Sunday, December 6, 2009

In The Beginning...

When you meet someone and feel like you could possibly have some chemistry with them, it's a wonderful feeling. I have been single for about nine months now and I haven't met someone that I have felt is worth pursuing since then. The last few months, some old friends of mine and I have been hanging out a lot more and I began to get to know one of them more than I have ever before. She is a very motivated girl that doesn't have to fit in like all other girls and knows what she wants out of life. I find it difficult to find a girl like that these days and that definitely caught my interest.

Friends began to tease us about the possibility of something happening and I was hoping to get to know her some more too. After one night of all of us going out, I didn't want to rush things or come on too strong so I made sure I was careful about what I might say or do. I sent her a text message one day just saying hello and to have a great day at work.

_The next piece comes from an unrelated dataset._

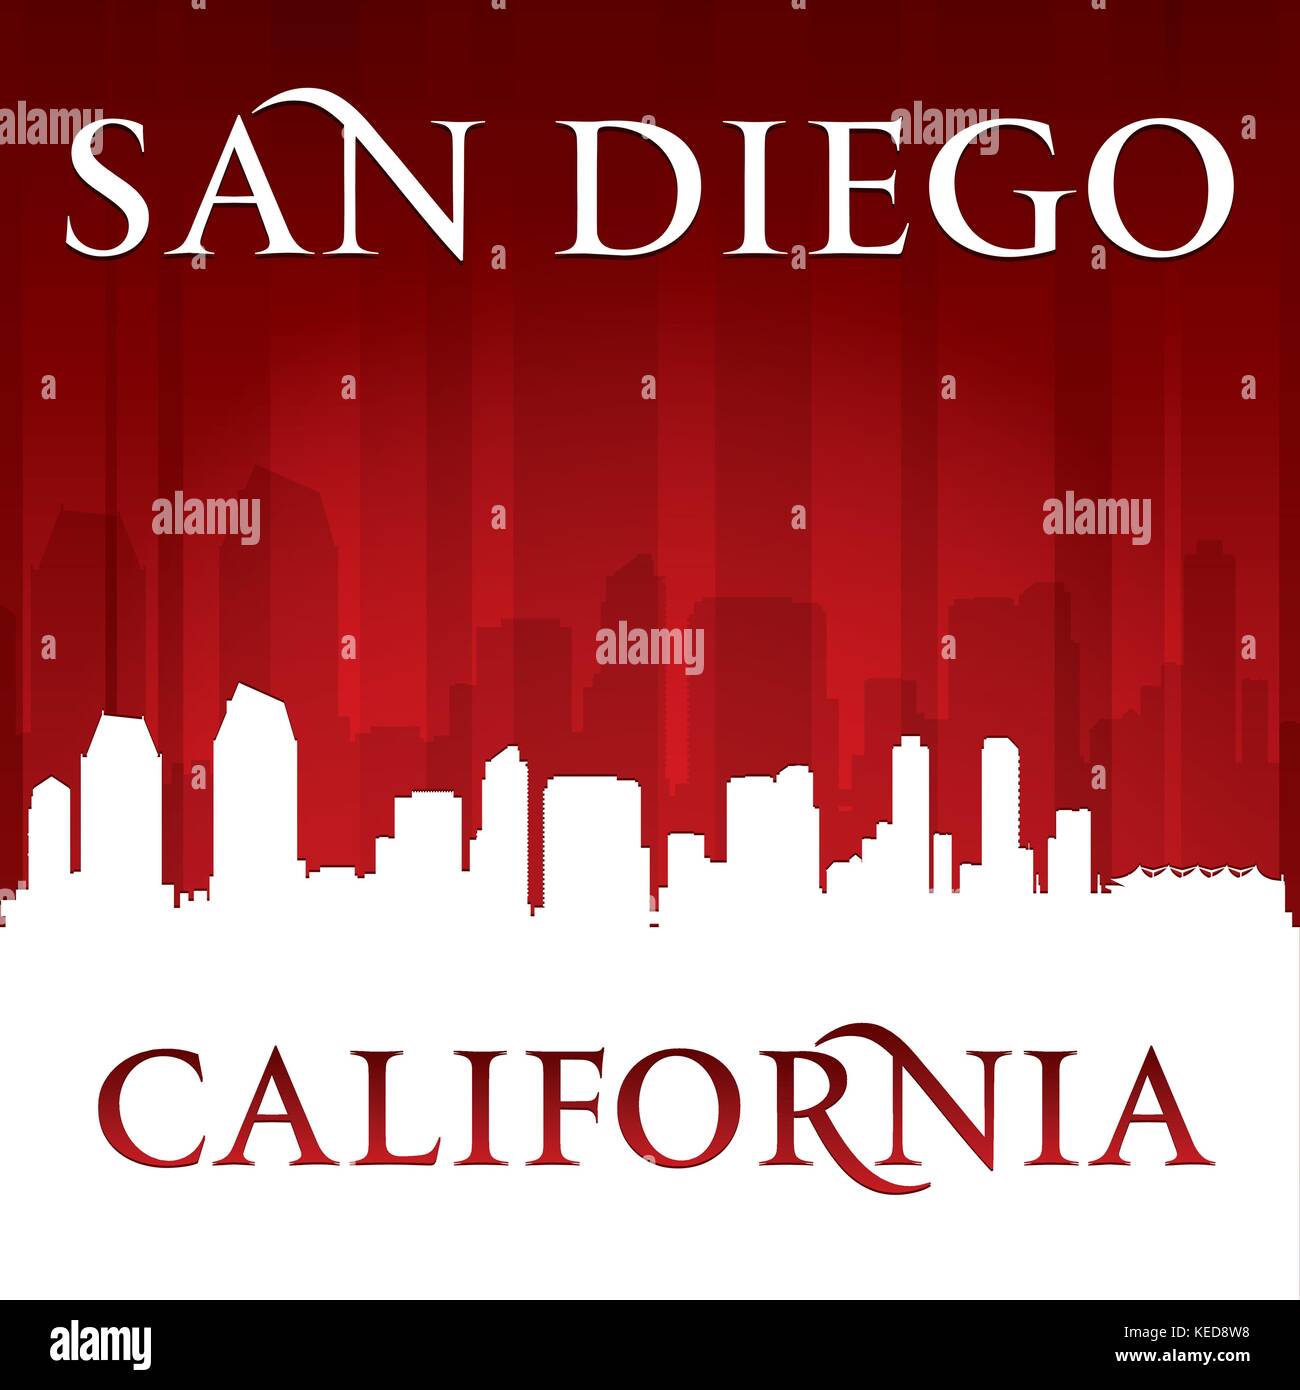 San Diego California city skyline silhouette. Vector illustration Stock Vector
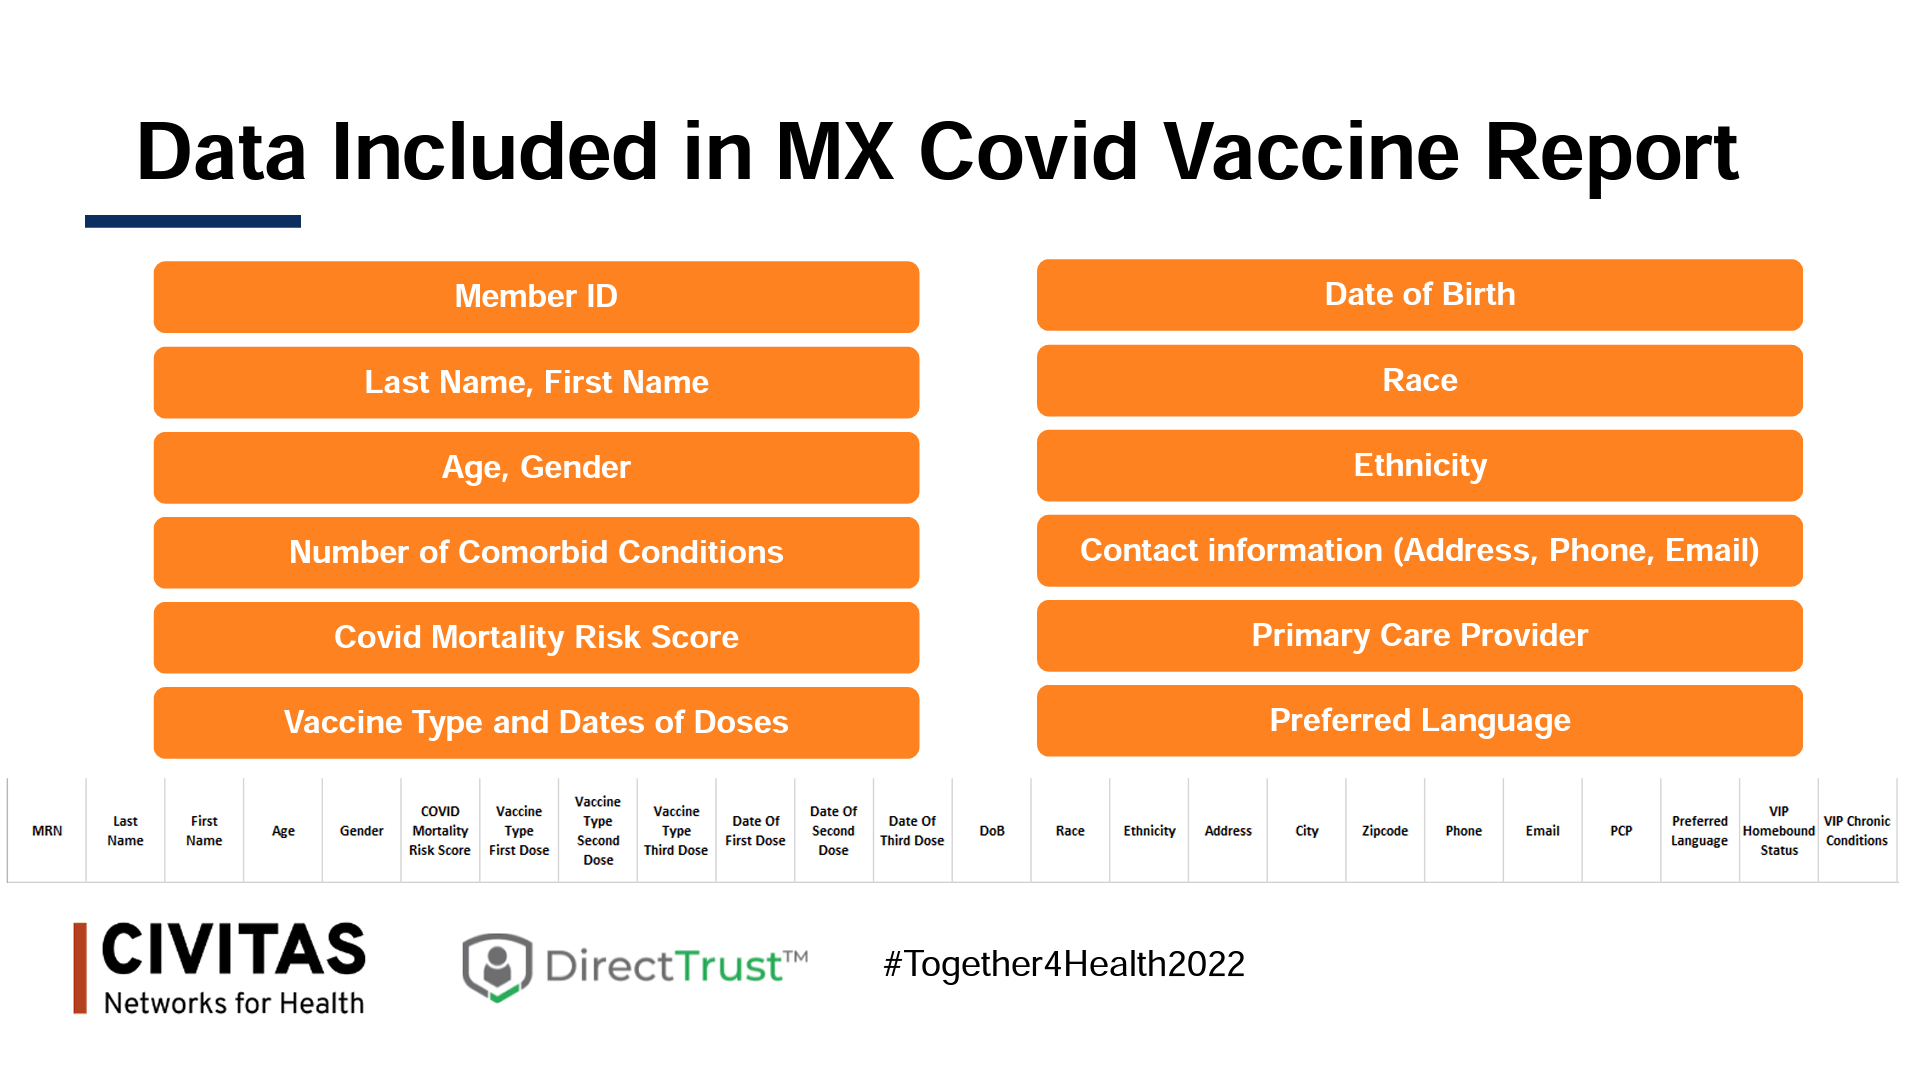 MX Covid Vaccine Report

Then, a few days later I invited her to come study with me and some of our friends. I didn't want to get too personal with her until I felt like I knew her well enough. Well, a friend of hers ended up telling me that she felt so pressured by me and that I was constantly trying to get a hold of her. I couldn't believe this! I hadn't done anything yet!

After all of this, it made it clear to me that this girl was definitely not the girl for me and I was very happy that I didn't try to hard to go after a girl that seems to be THAT anti-social. I'm sure that we'll still hang out with our friends together and everything but I will definitely not show any desire for anything beyond friendship for sure.